This is again a classification or prediction problem where people rejecting the admission offer will be assigned a 1 and those accepting the admission will be assigned a 0. The grain of the data will be the student application and some of the variables can be student aptitude test scores, essay score, interview score, economic background, ethnicity, personal profile, high school, school distance from home, siblings, financial aid requested, faculty applied in, etc. As before, 90% of the data will be used to train the model and 10% will be used to test and validate the model. The predictive modeling software will look for common patterns of variables with records that have a predicted variable of 1 and the same process for records with a 0. Next, it will combine the two sets of variables and try to determine the variables with high discriminatory power and come up with a predictive model fully trained.

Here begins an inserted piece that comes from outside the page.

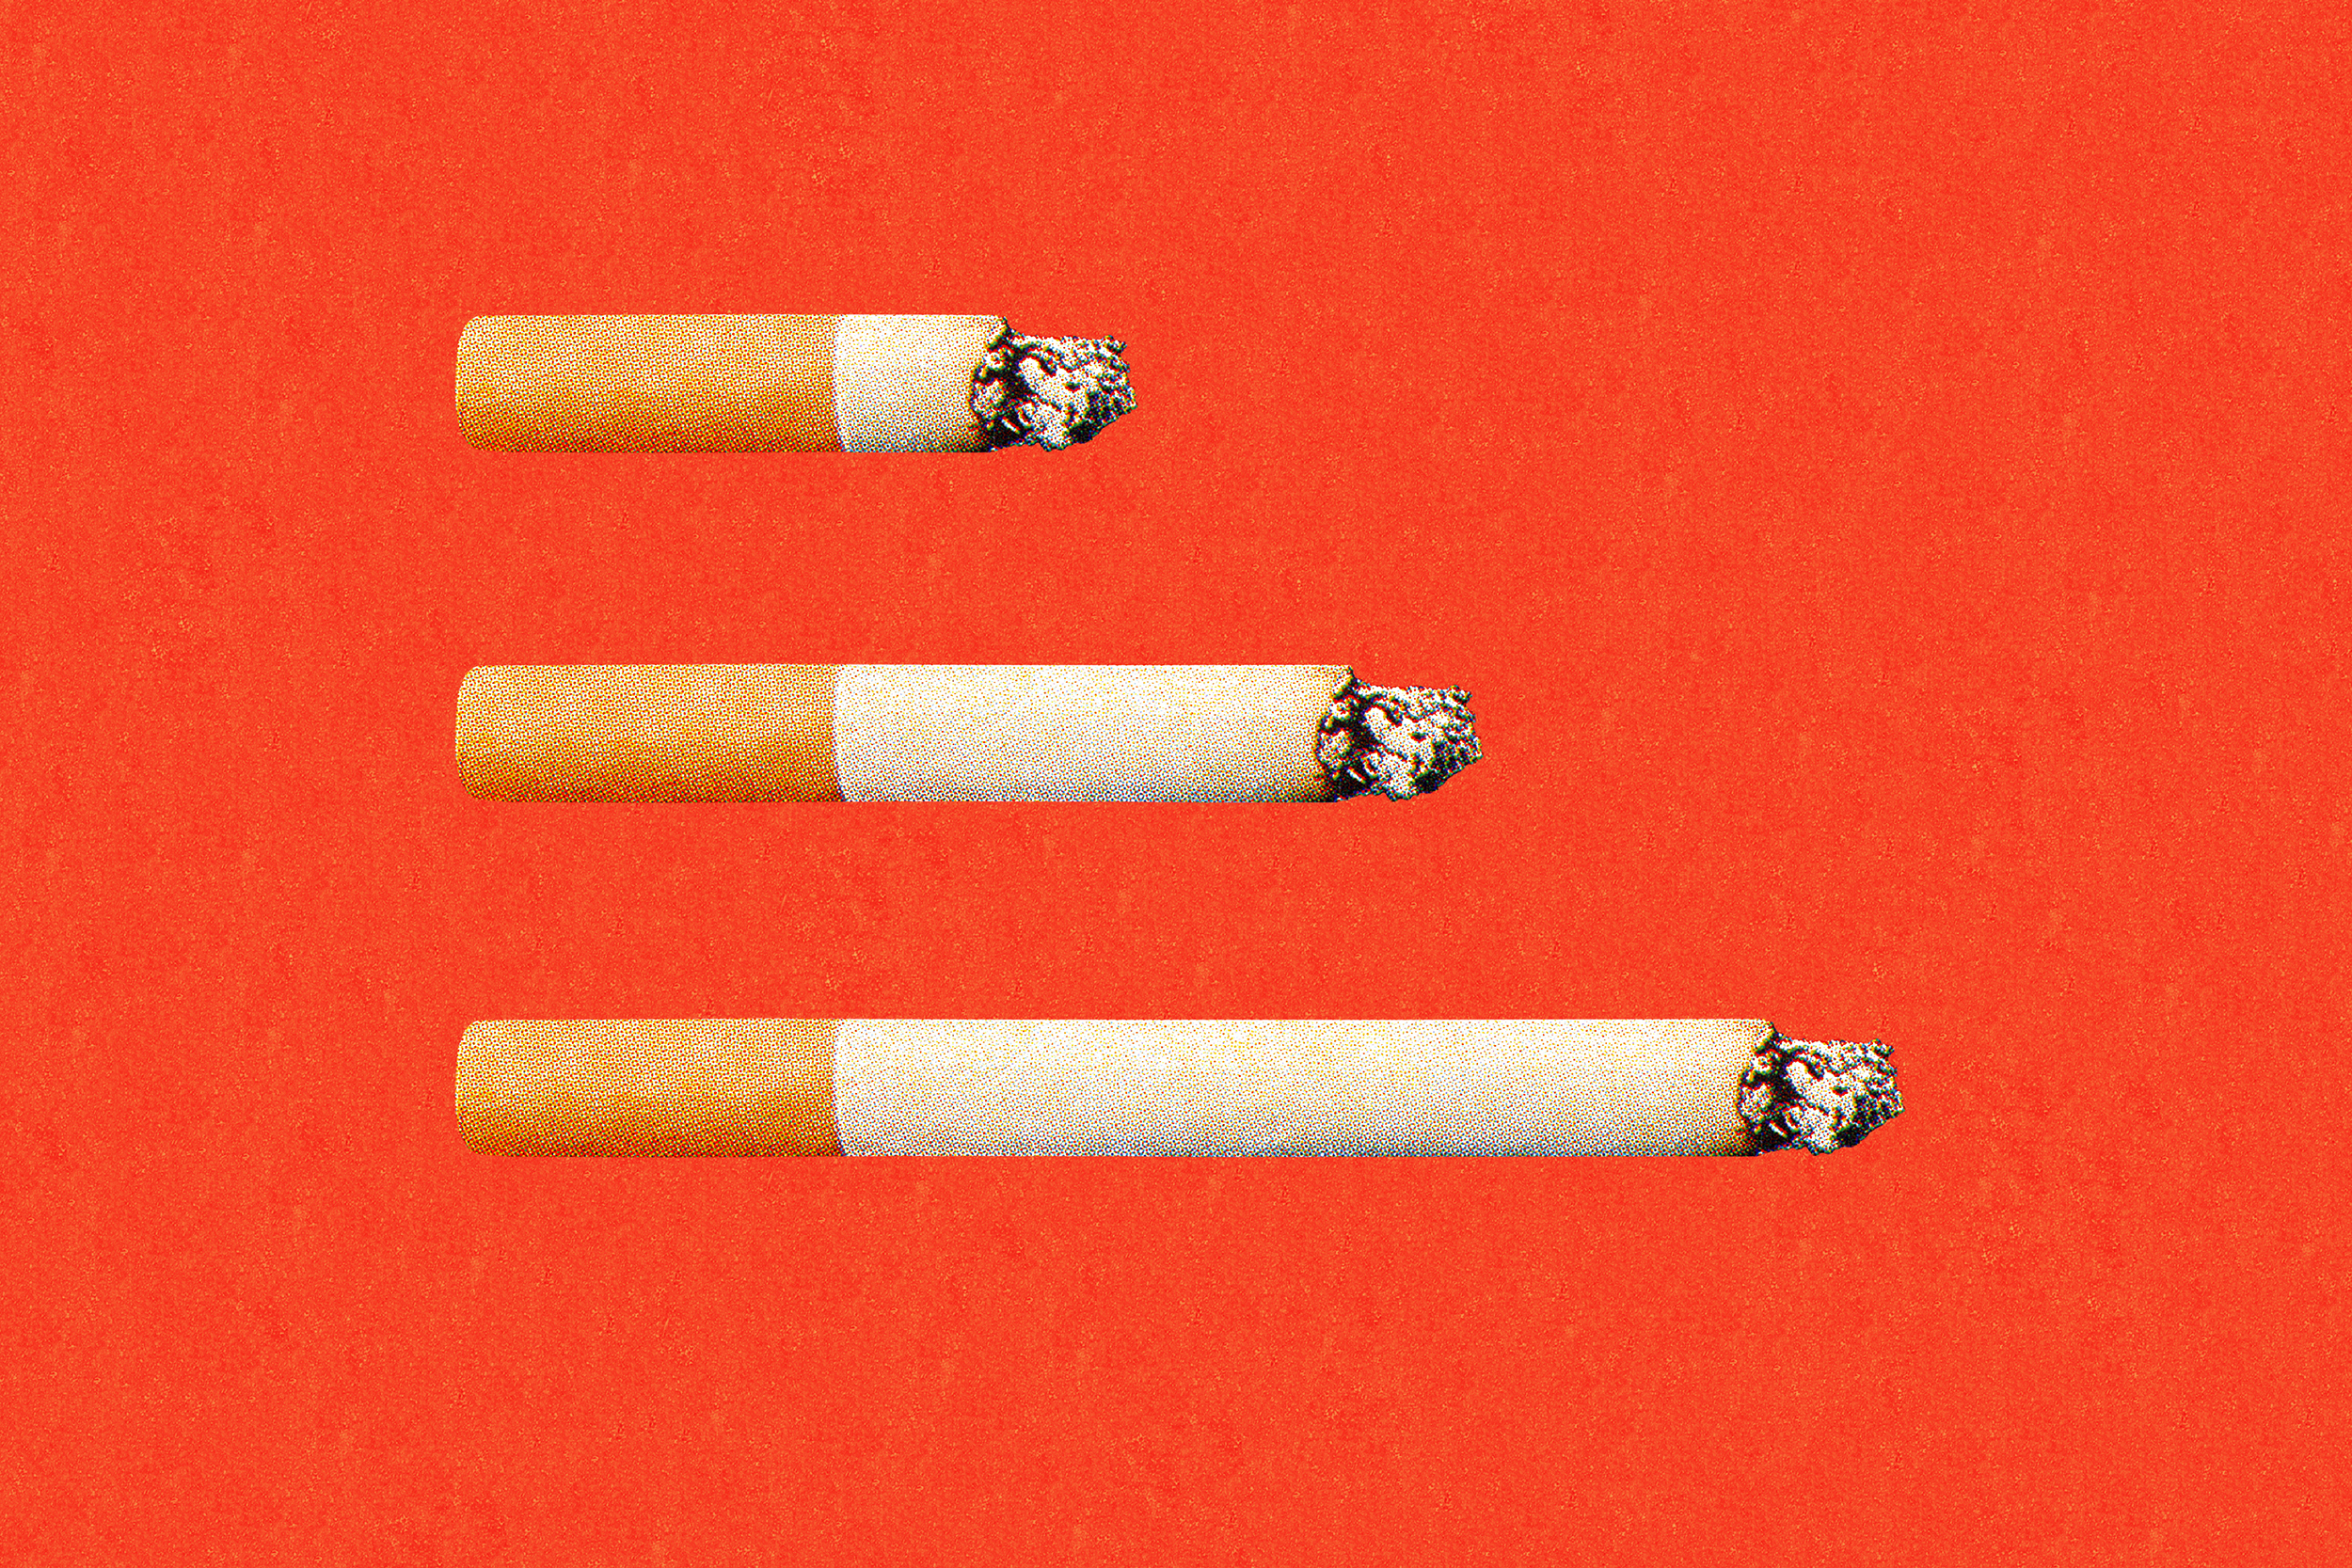 100 ways to quit smoking
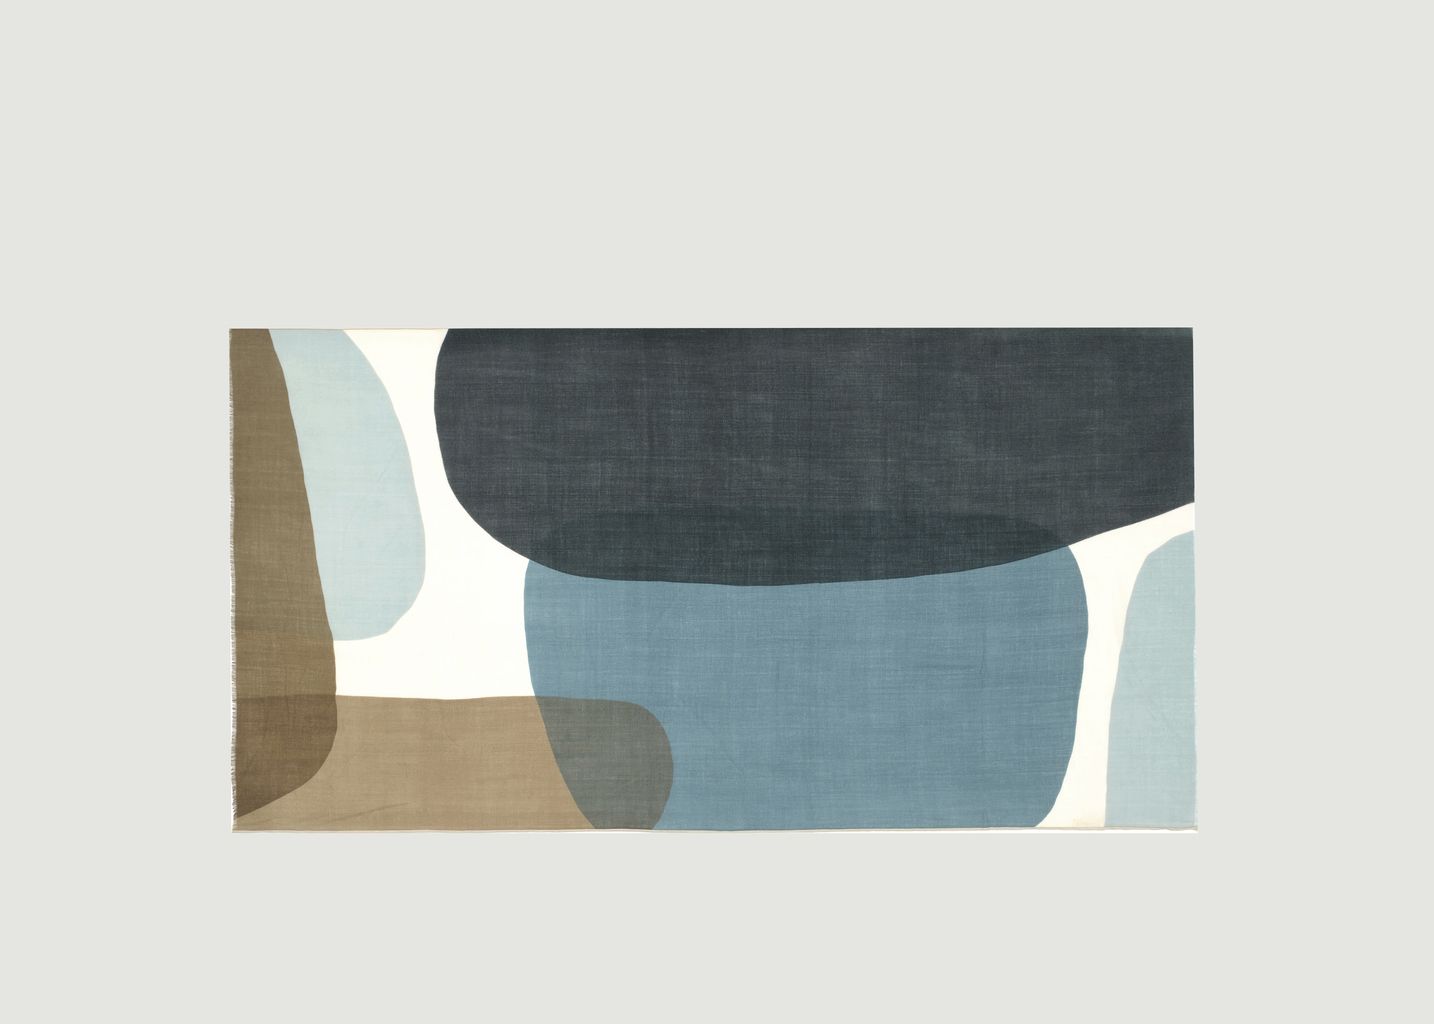 N°456 geometric pattern wool scarf - Moismont

The value of analytics here is that the best available talent interested in the school is actually given the opportunity to pursue their education at the school. A simple cutoff can be built to see what range of probability to accept will become the cutoff point for offering admissions.

Manufacturing

In the manufacturing space, forecasting and decision optimization methods are widely used to manage the supply chain. Forecasting is used on the demand side of the product and decision optimization on maximizing the value from the entire supply-chain execution. The use of analytics in manufacturing is destined for hypergrowth (Markillie, 2012) because of several driving forces, such as:

■ Three-dimensional printing that is revolutionizing engineering designs.

■ Global supply chains with a large choice of suppliers and materials.

■ Volatility in commodities and raw material pricing. Procurement and storage decisions are increasingly complex.

■ Customization in manufacturing product specifications for better customer experiences. Customization requires adjustments to design, materials, engineering, and manufacturing on a short notice.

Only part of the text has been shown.